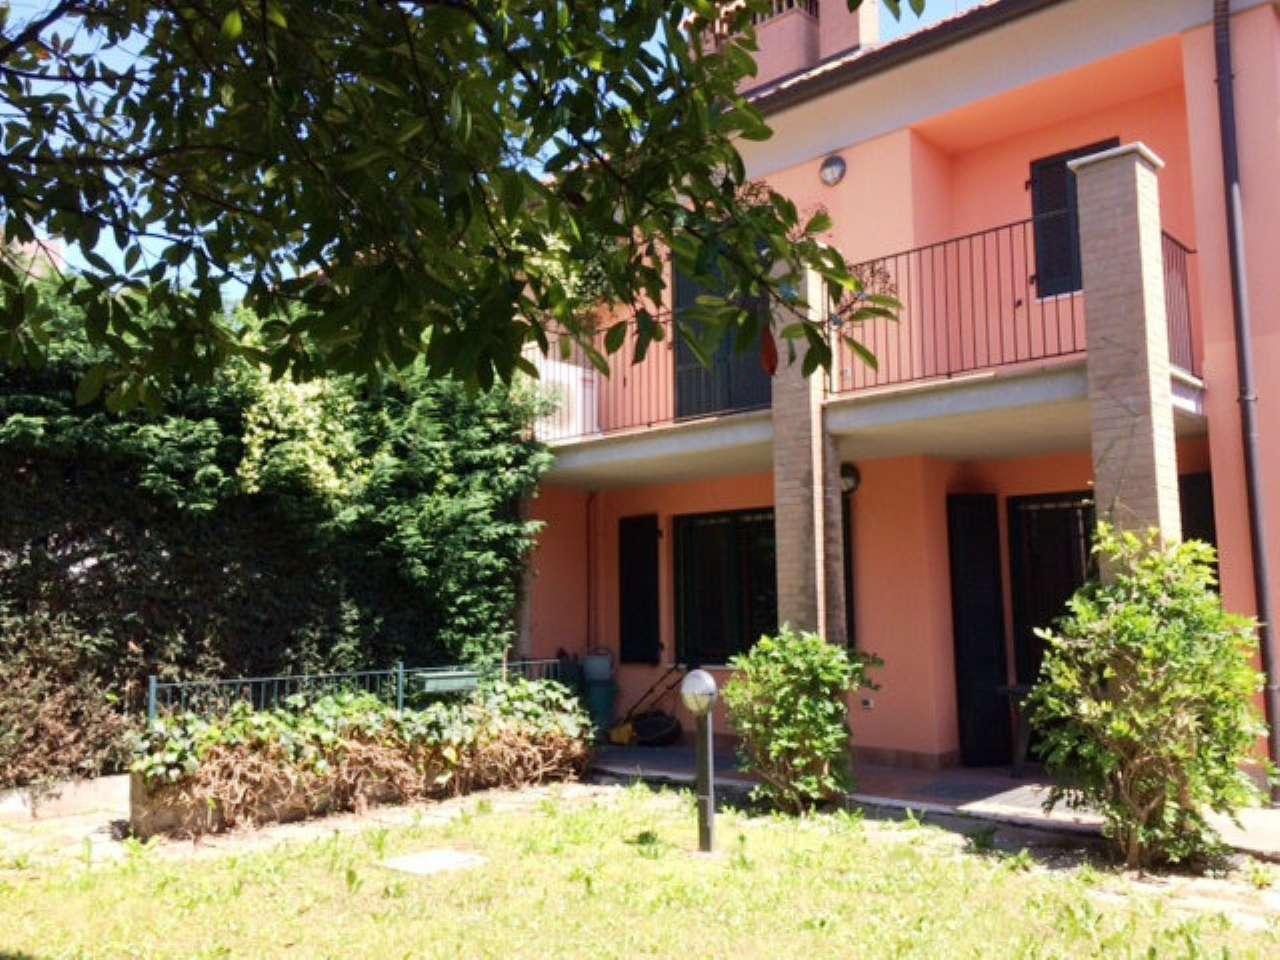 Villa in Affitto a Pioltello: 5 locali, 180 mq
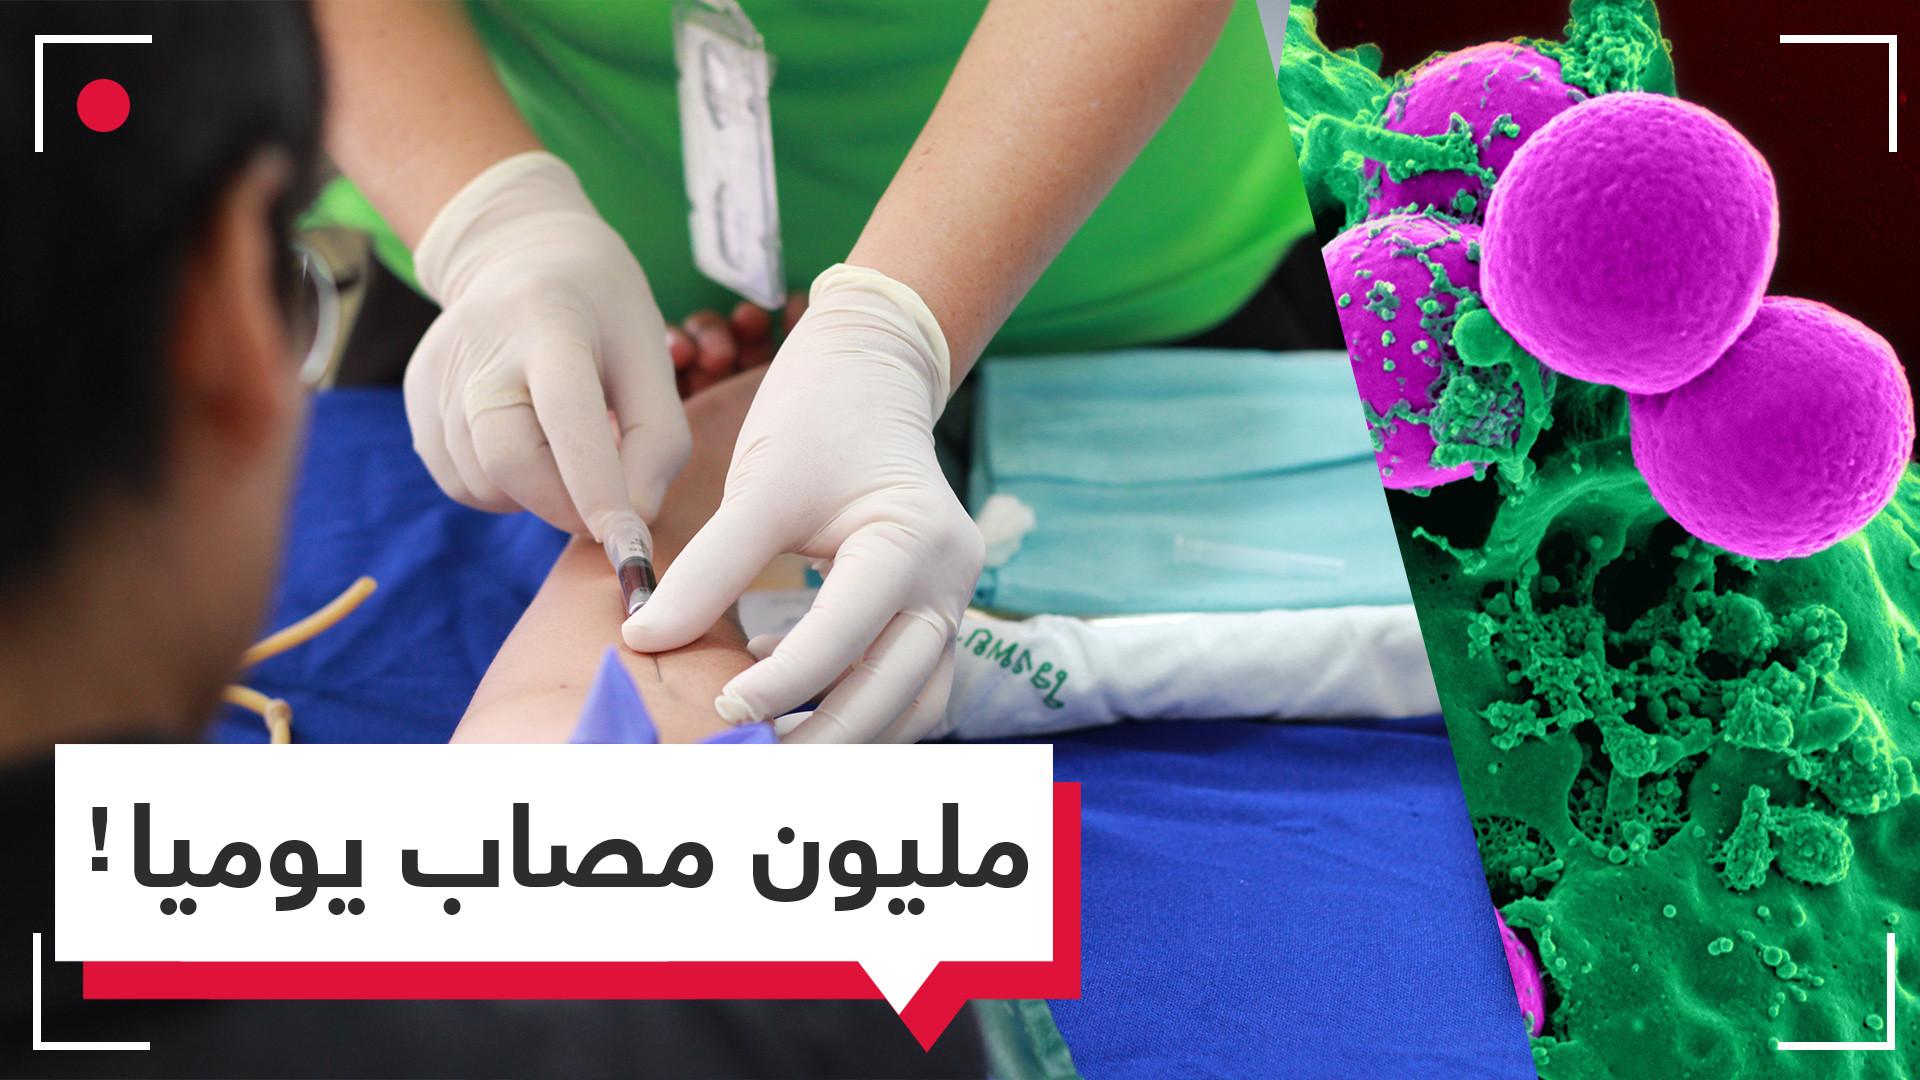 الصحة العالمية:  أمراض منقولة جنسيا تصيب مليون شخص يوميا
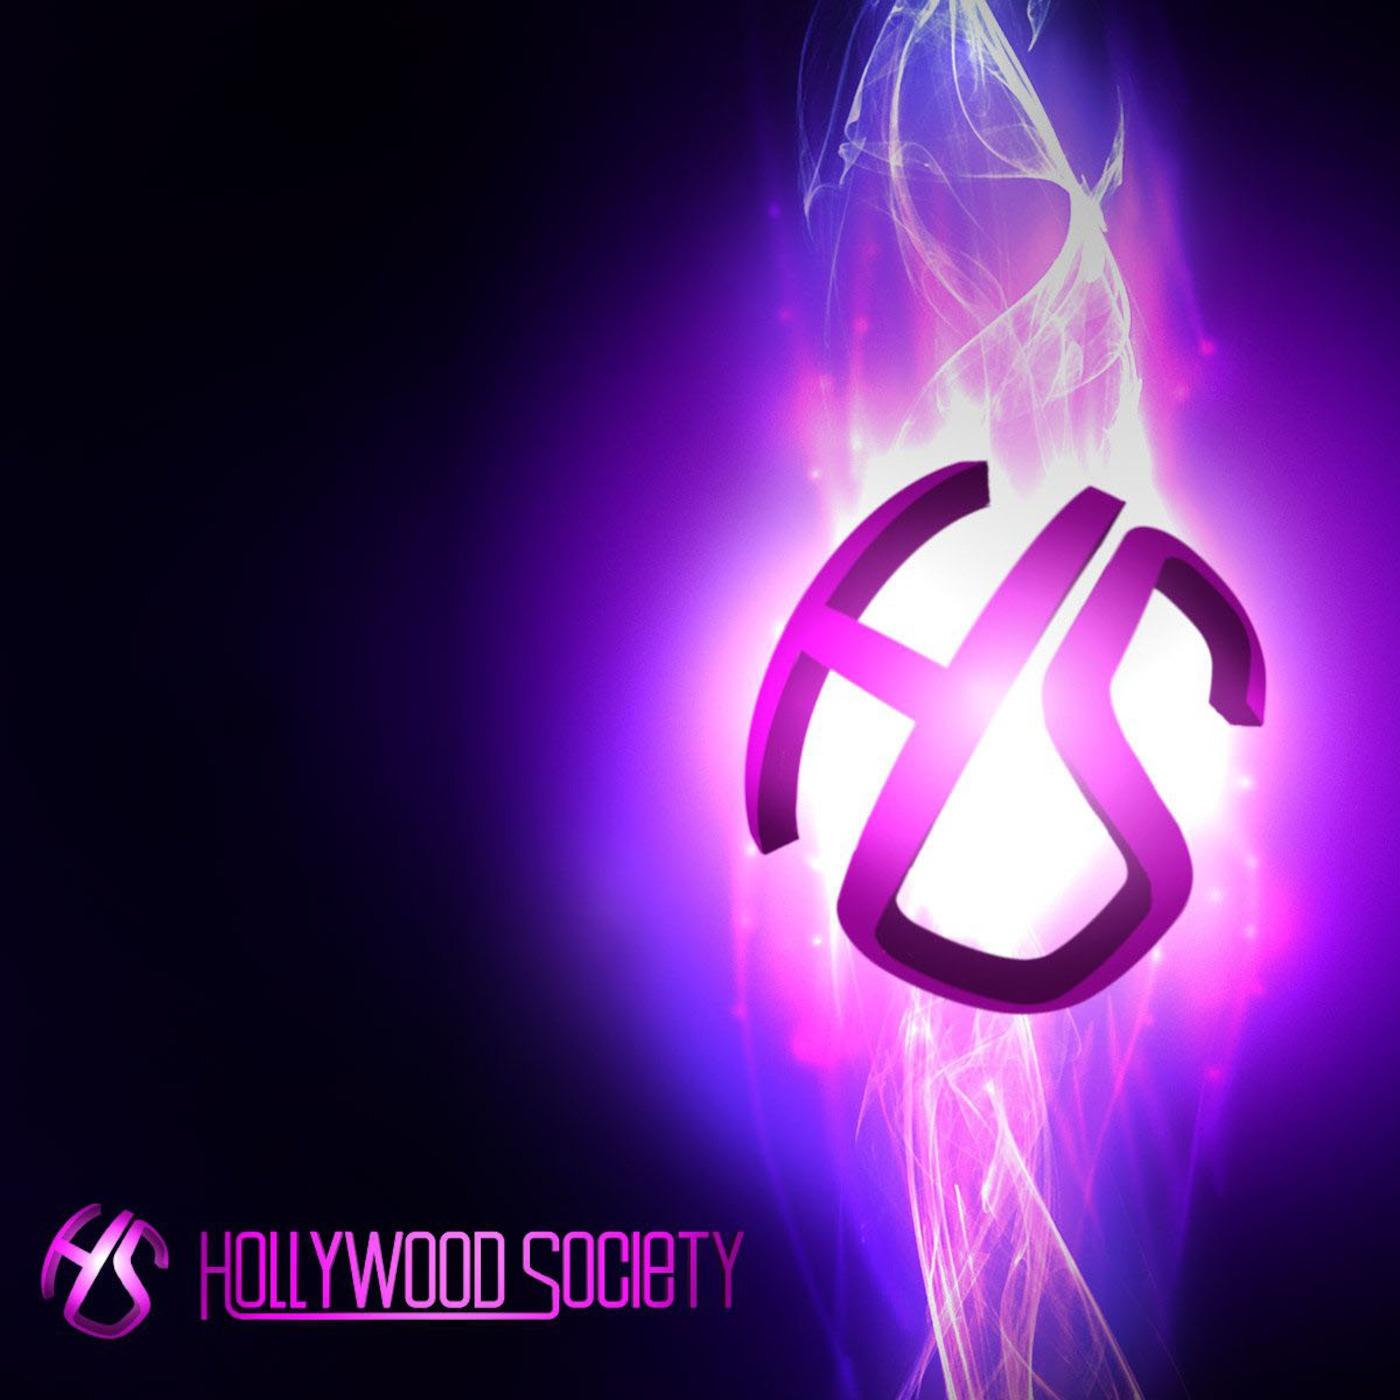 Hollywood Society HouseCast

**WHAT YOU HAVE TO DO:**
Transcribe exactly the line containing "مليون شخص يوميا" and every line after it through the end of the listing above; pictures are not part of the copy.

**RESPONSE AREA:**
 الصحة العالمية:  أمراض منقولة جنسيا تصيب مليون شخص يوميا
 Hollywood Society HouseCast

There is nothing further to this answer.